Supports Premium Content:
True


Thanks again, appreciate you taking the time to assist me

Pete


----------



## sandy666 (Jan 29, 2019)

piannetta said:


> Office 365 ProPlus version 1808 (Build 10730.20264 Click-to-Run) 64-bit



Call MS support (online  )
365 is a subscription so they should help you without any problems
You pay - You need

edit:

post a link to test file with any query


----------



## rki1966 (Aug 5, 2019)

Did anyone get the fix for this one? I was trying to load a web page. We can see the details when we connect, but when we try to load we get the same as above.

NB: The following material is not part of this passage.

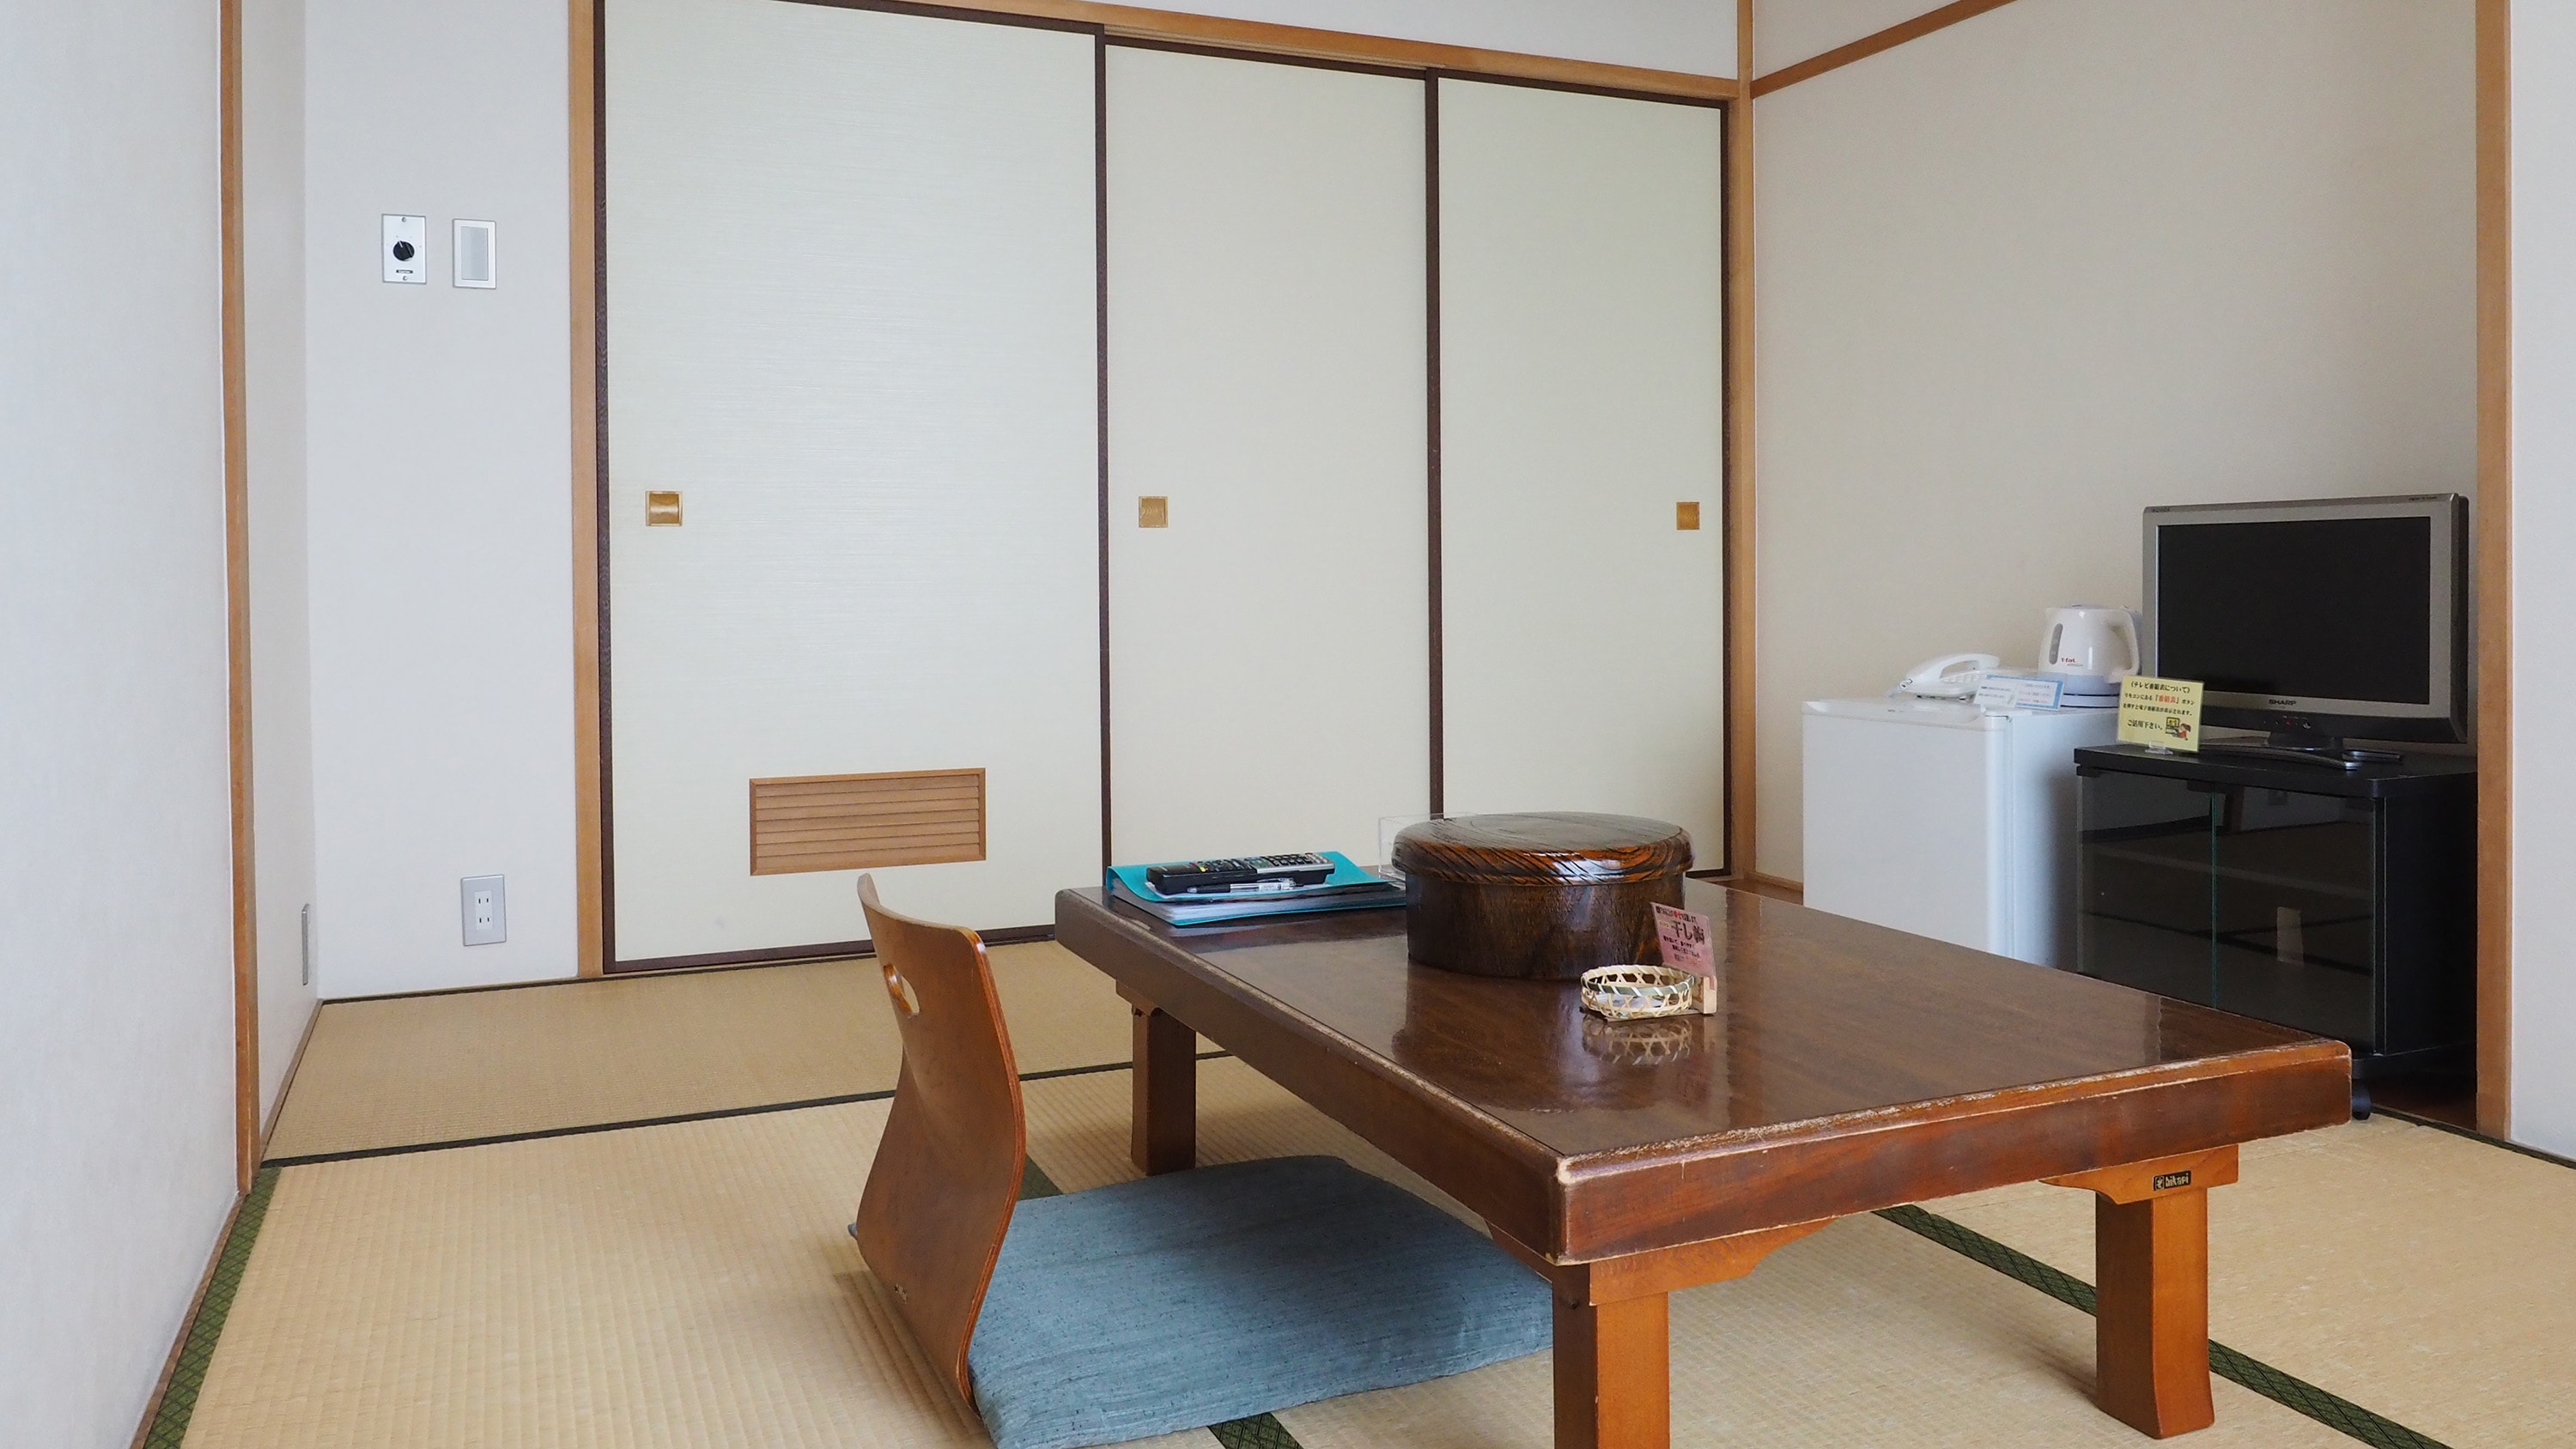 อาคารหลัก ห้องสไตล์ญี่ปุ่น 6 เสื่อทาทามิ (ตัวอย่าง)

shared #"NavigatorBase_d7b1e33b-12e0-429d-a134-38aa64065c4a" = let
    Source = Web.Page(Web.Contents("http://xxxxxmetrics/investments/index?symbol=aapl"))
in
    Source;


Workaround

I create a blank query then changed the Advanced editor

let
    Source = Web.Page(Web.Contents("http://xxxxxmetrics/investments/index?symbol=aapl")),
    Data = Source{0}[Data],
    #"Changed Type" = Table.TransformColumnTypes(Data,{{"Symbol", type text}, {"Code", type text}, {"Description", type text}, {"Year", Int64.Type}, {"Quarter", Int64.Type}, {"Period Type", type text}, {"Value", type number}})
in
    #"Changed Type"


----------